Contrasting it with the past, bishops in several countries praised the letter as courageous for condemning abusive clerics. Victims measured it against what they hope to see in future -- sanctions for bishops they say helped hush up the problem.

The gap separating these views is the arena for the bitter public fight over clerical child abuse. Every new revelation gives the victims fresh ammunition and puts more pressure on the Church to undertake painful reforms it clearly wants to avoid.

"They still don't see this isn't just about individual cases, but about an overall structural problem (in the Church)," said Christian Weisner of the German lay movement We Are Church. "This letter still does not amount to a big breakthrough."

What the critics want is transparency and accountability, from full disclose of abuse to removal of complicit bishops.

Benedict's letter partly met their demands, expressing "shame and remorse" for the "sinful and criminal acts" Irish victims suffered. He stressed bishops could not hide abuse cases from police and ordered an inquiry into some Irish dioceses.

Beyond that, he made no mention of scandals shaking Germany, Austria, Switzerland and the Netherlands nor hinted any bishops had to step down for leadership failures he sharply criticized.

"There is nothing in this letter to suggest that any new vision of leadership in the Catholic Church exists," said Maeve Lewis of the Irish victims' group One in Four.

PRESSURE ON PRELATES

Several European prelates seemed to indirectly confirm the Church had a structural problem by describing the pope's letter to Ireland as a warning to them and their churches as well.

"The sexual abuse scandal is not just an Irish problem.
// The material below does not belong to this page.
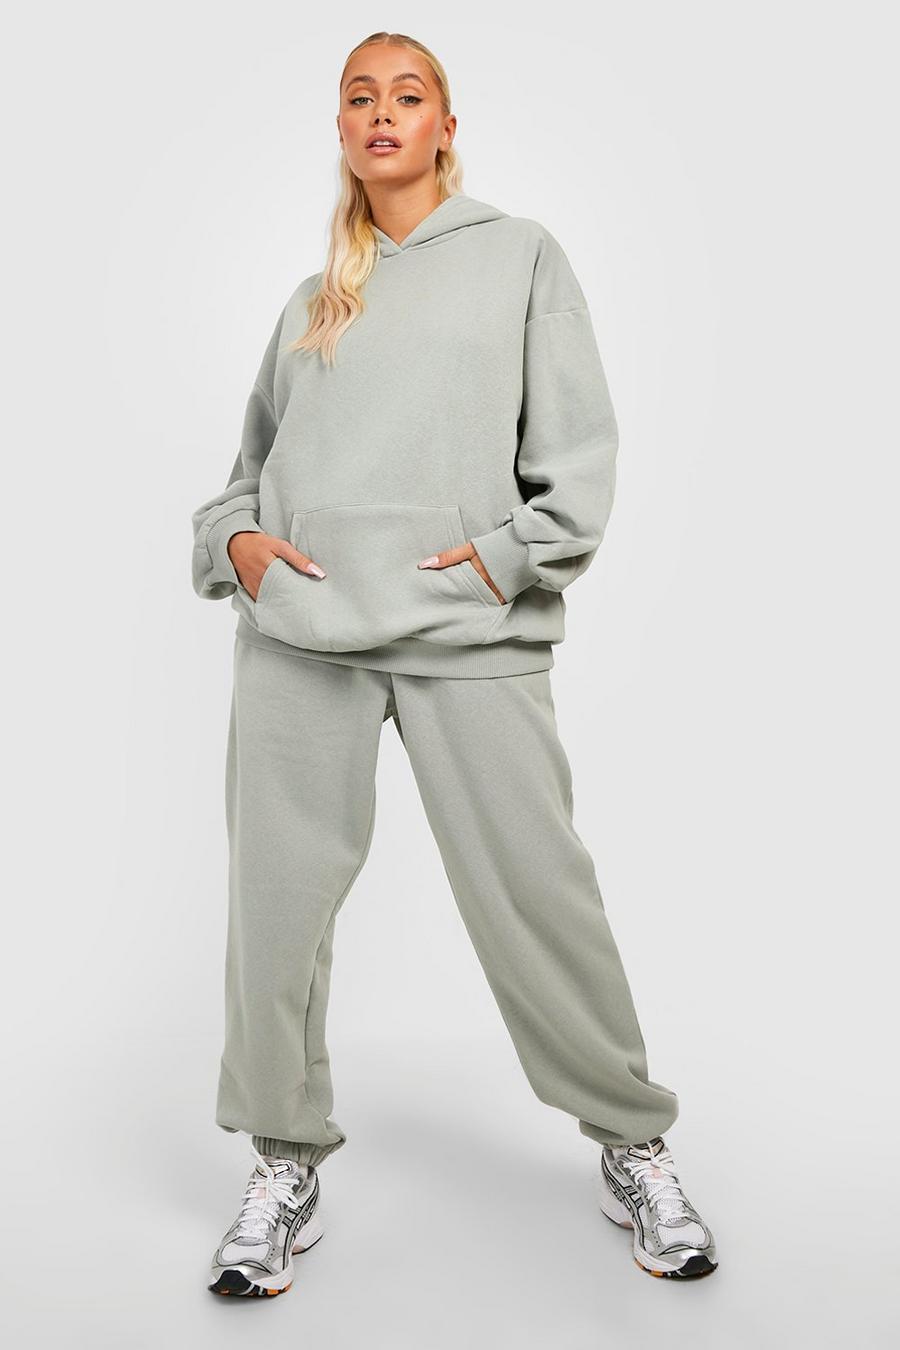 https://media.boohoo.com/i/boohoo/gzz25094_khaki_xl/female-khaki-basic-oversized-jogger/?w=900&qlt=default&fmt.jp2.qlt=70&fmt=auto&sm=fit

It's a Church scandal in many places and it is a Church scandal in Germany," Archbishop Robert Zollitsch, head of the German Bishops' Conference, told journalists on Saturday.

But he shied away from blaming this on a culture of secrecy among clerics concerned to hush up scandals, as victims do.

Zollitsch's meeting with journalists was especially awkward because he had to confirm reports he had failed to turn in an abuse suspect in the early 1990s. "I should have been more forceful in searching for witnesses and victims," he said.

Cardinal Sean Brady, the Irish primate, has heard bitter calls for his resignation after admitting he had two victims sign a secrecy agreement in 1975 while he was assistant to a bishop dealing with a notorious abuser, Rev Brendan Smyth.

Scathing Irish commentators have accused him of using "the Nuremberg defense" -- a reference to Nazi war criminals who claimed they were only following orders -- or being "a man of the cloth now recast as little more than a pen-pushing jobsworth."

One Irish bishop has resigned after being accused in an official report of covering up abuse cases. Three others cited there have handed in resignation letters but the Vatican has not accepted them, while a fifth has refused to offer to step down.

CHURCH VULNERABLE TO FUTURE SCANDALS

Some commentators have speculated that Benedict could not retire bishops who covered up abuse cases because his own stint as Munich archbishop from 1977 to 1982 was marred by the case of a reassigned predator priest who often worked with youths.

Church officials say the then Cardinal Joseph Ratzinger had no part in that reassignment. In any case, Benedict is such a traditional churchman that his letter would probably not have been different even without the tenuous link to Munich.

But by avoiding bolder measures, the letter has left the defensive Church vulnerable to further buffeting from scandals that have not yet come to light but will.

"If a company had crisis management like this and was just as shy about replacing its managers, it would go broke," the Vienna daily Die Presse commented.